简体   繁体   English

使用模式中的所有键将 spark 数据集写入 json,包括 null 列

[英]write a spark Dataset to json with all keys in the schema, including null columns

I am writing a dataset to json using:我正在使用以下方法将数据集写入 json:

ds.coalesce(1).write.format("json").option("nullValue",null).save("project/src/test/resources")

For records that have columns with null values, the json document does not write that key at all.对于具有 null 值的列的记录,json 文档根本不会写入该键。

Is there a way to enforce null value keys to the json output?有没有办法对 json output 强制执行 null 值键?
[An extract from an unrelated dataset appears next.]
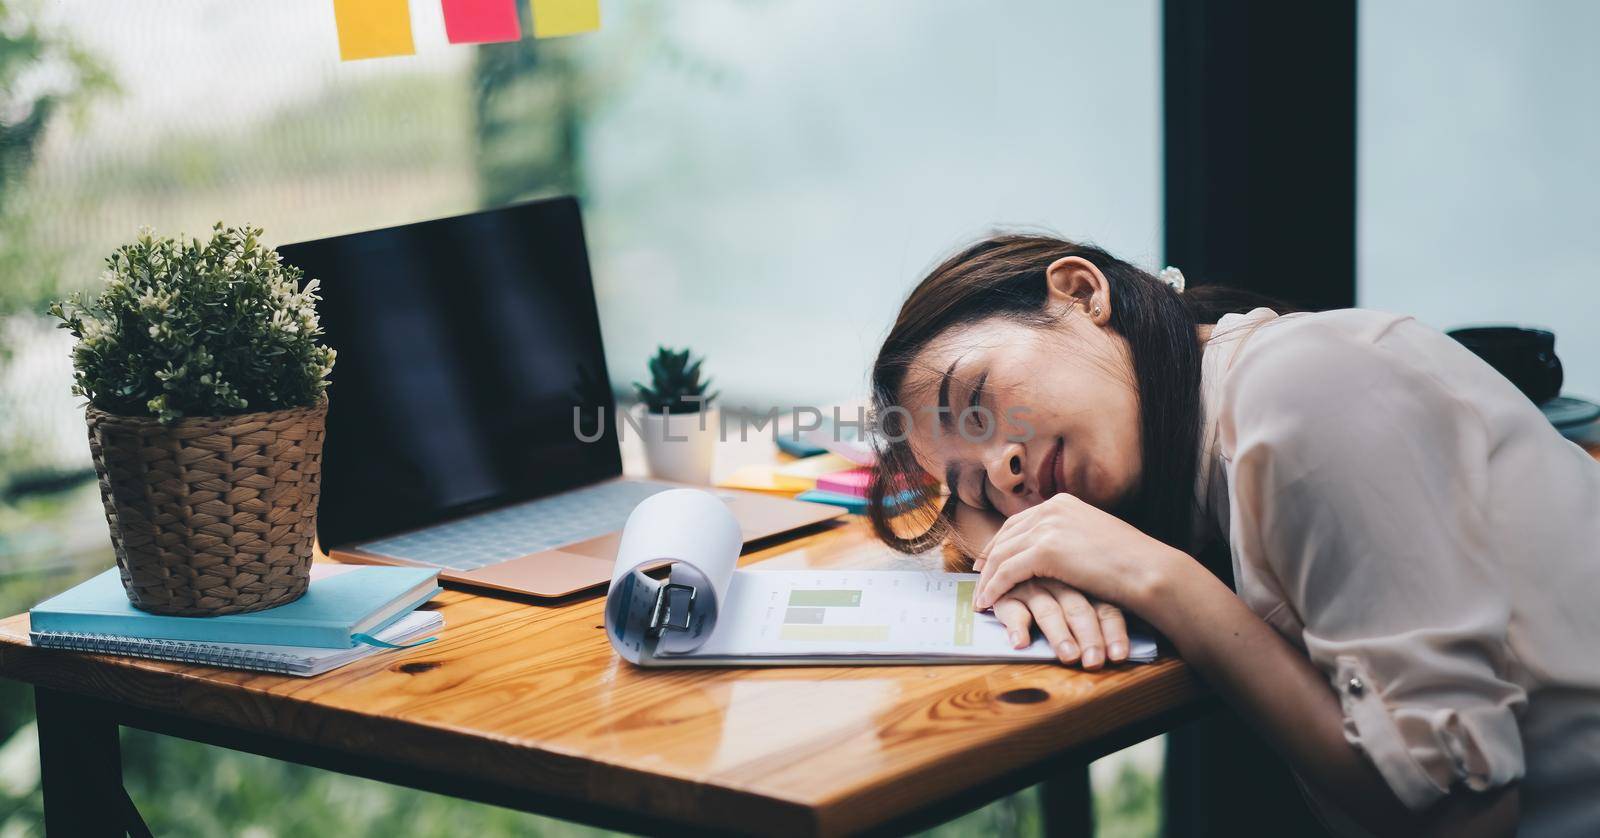 Tired and overworked business woman. Young exhausted girl sleeping on table during her work Entrepreneur, freelance worker in stress concept by nateemee

This is needed since I use this json to read it onto another dataset (in a test case) and cannot enforce a schema if some documents do not have all the keys in the case class (I am reading it by putting the json file under resources folder and transforming to a dataset via RDD[String], as explained here: https://databaseline.bitbucket.io/a-quickie-on-reading-json-resource-files-in-apache-spark/ )这是必需的,因为我使用此 json 将其读取到另一个数据集(在测试用例中)并且如果某些文档没有 class 案例中的所有键(我正在通过将 Z466DEEC76ECDF5FCA6DDDD5D5D5D571F6324 文件放在资源下阅读它)文件夹并通过 RDD[String] 转换为数据集,如下所述: https://databaseline.bitbucket.io/a-quickie-on-reading-json-resource-files-in-apache-spark/

I agree with @philantrovert.我同意@philantrovert。

ds.na.fill("")
  .coalesce(1)
  .write
  .format("json")
  .save("project/src/test/resources")

Since DataSets are immutable you are not altering the data in ds and you can process it (complete with null values and all) in any following code.由于DataSets是不可变的,因此您不会更改ds的数据,您可以在以下任何代码中处理它(包括空值和全部)。 You are simply replacing null values with an empty string in the saved file.您只是在保存的文件中用空字符串替换空值。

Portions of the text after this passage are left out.